Didier Gouraud : Depuis le premier jour, l’ensemble des agents ont été mobilisés pour écouter, conseiller et rassurer les artisans de Dordogne, à distance, par téléphone ou par mail. Pendant toute la durée du confinement, plus de 5 000 contacts ont été établis par cette cellule pour aiguiller, aider à monter les dossiers de demandes d’aide, vérifier les informations qui circulaient partout. Notre mission de formation des artisans a également pu continuer, grâce au déploiement d’un éventail de formations en ligne, qui ont rencontré un beau succès. Du côté du CFA, les équipes sont aussi restées en activité, en proposant des cours à distance pour les apprentis et en s’organisant au mieux pour préparer la reprise des cours et le passage des examens.

Pour soutenir l’activité des entreprises restées ouvertes, une carte interactive a permis aux artisans de signaler leur poursuite d’activité. Plus de 400 d’entre eux ont ainsi été répertoriés. Sur le même modèle, le 1er mai, une carte a été spécialement mise en place pour géolocaliser les fleuristes qui vendaient du muguet. 5 000 masques chirurgicaux, mis à disposition par le Conseil départemental, ont été distribués aux artisans et organisations professionnelles.

La solidarité des artisans a fonctionné à plein régime, dans le département avec de multiples exemples de productions de masques lavables, de visières imprimées en 3D pour des collègues, les habitants de sa commune, la vente de muguet par des commerçants restés ouverts pour soutenir la fleuriste du village… 

La Chambre de métiers a rouvert ses portes dès la fin du confinement pour accueillir de nouveau les artisans, apprentis, repreneurs et créateurs d’entreprise, avec les protocoles nécessaires au strict respect des mesures barrière. 

LMA : Quels engagements la CMA24 a pris pour accompagner les artisans dans cette période de reprise difficile et exceptionnelle ?

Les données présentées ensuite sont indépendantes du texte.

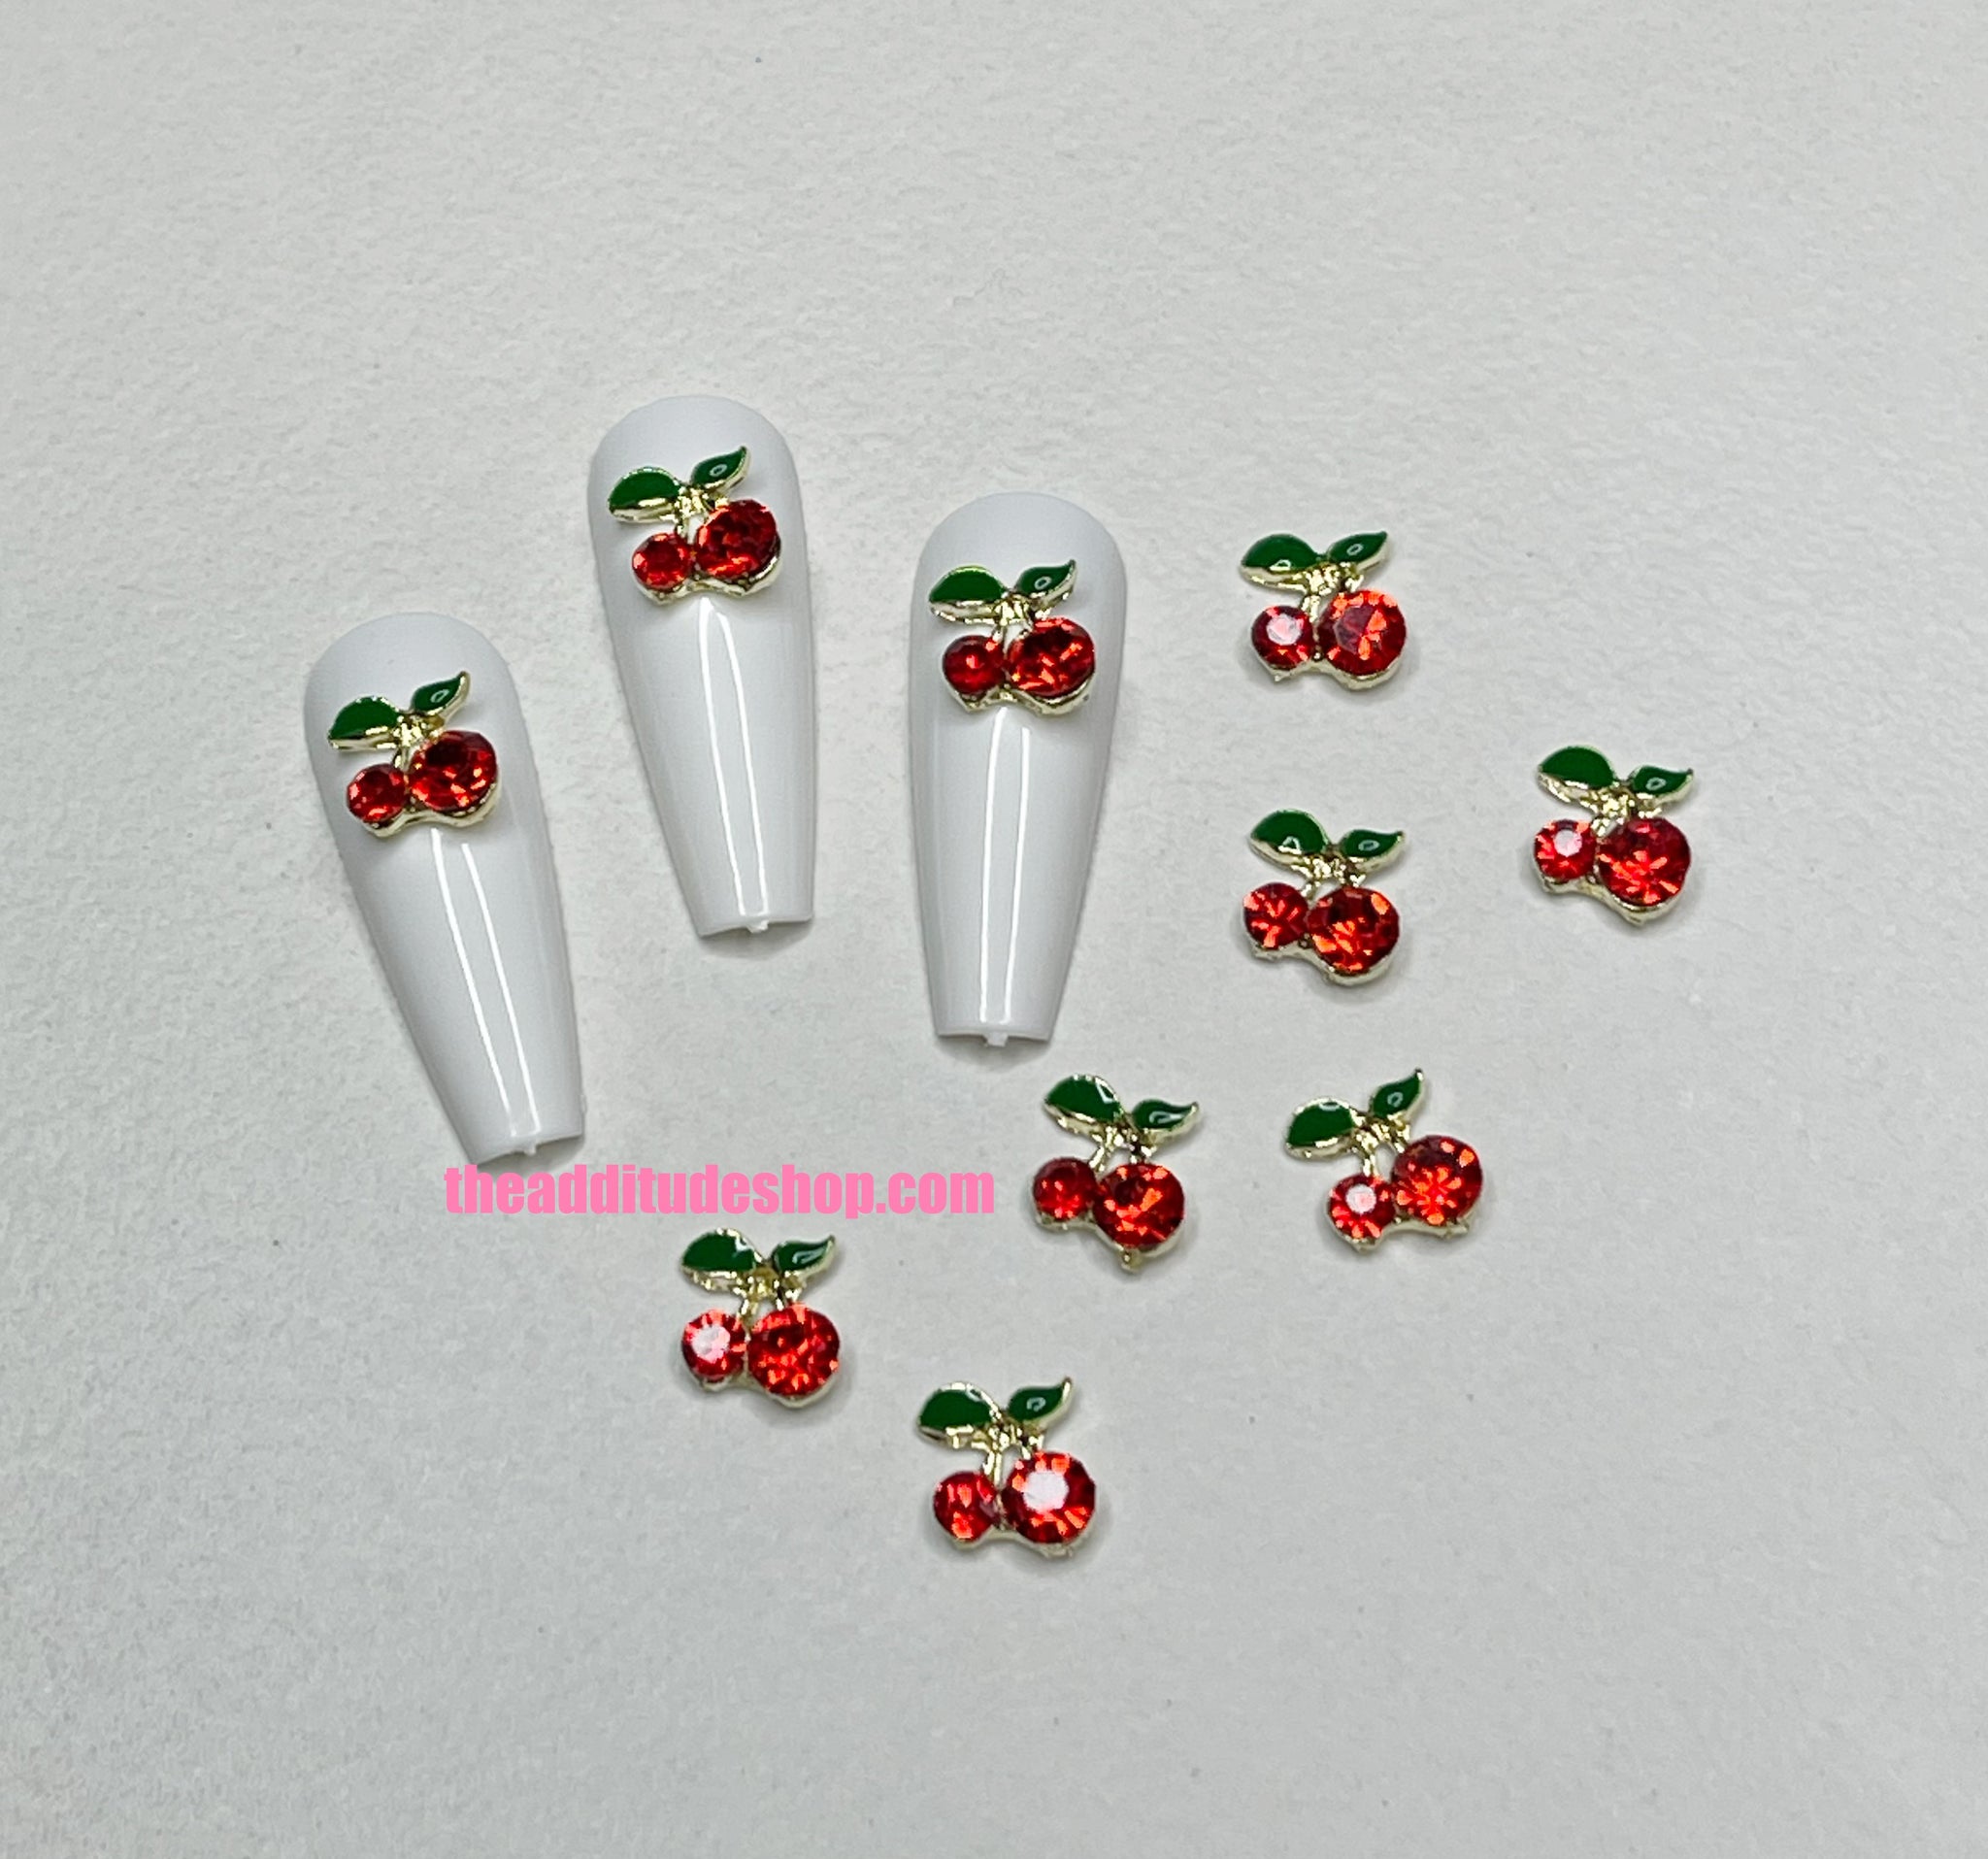 Crystal Red-Pink Cherry Nail 3D Charms-10 Pieces – The Additude Shop

D.G. : Nos conseillers continuent, depuis le déconfinement, à accompagner les artisans dans leur relance économique, en particulier les plus fragilisés, via le programme Rebond. Une cellule de soutien psychologique est également mise en œuvre, pour les chefs d’entreprise en grandes difficultés suite à cette crise. Des solutions de formations, en présentiel ou à distance sont mises en œuvre pour aider les artisans à pérenniser et relancer leur activité : communication digitale, développement commercial, gestion et ressources humaines… Nous avons souhaité relancer la campagne de promotion « Vivons local, vivons artisanal », qui avait démarré en 2019. Elle prend aujourd’hui tout son sens dans un contexte où il est important de soutenir l’activité de nos entreprises en consommant chez elles, au plus près de chez nous. Nous continuons également à maintenir le lobbying auprès des élus locaux et nationaux pour défendre les intérêts des entreprises artisanales et l’apprentissage.

LMA : Quel message souhaitez-vous faire passer à vos collègues artisans ?

D.G. : Il est primordial pour nous que la CMA soit l’accompagnateur de cette sortie de crise. Nous comptons bien aider les plus fragiles et soutenir les actions économiques qui permettront aux entreprises de relever la tête et de retrouver petit à petit leurs performances passées. Nous nous positionnons comme l’interlocuteur privilégié entre les donneurs d’ordres (mairies, communautés de communes, Département, Région, État) et les artisans. Nous devons être partie prenante des différents plans de relance qui seront proposés. Il faudra également tirer des enseignements de cette période, pour être plus prompts à réagir si une telle situation devait se reproduire. D’autres changements brutaux nous affectent déjà avec de lourdes conséquences que ce soit au niveau de la transition écologique, de la transition numérique… Il faut que nous aidions chacun à se repenser à l’aune de ces changements. Demain ne sera pas comme hier ou aujourd’hui.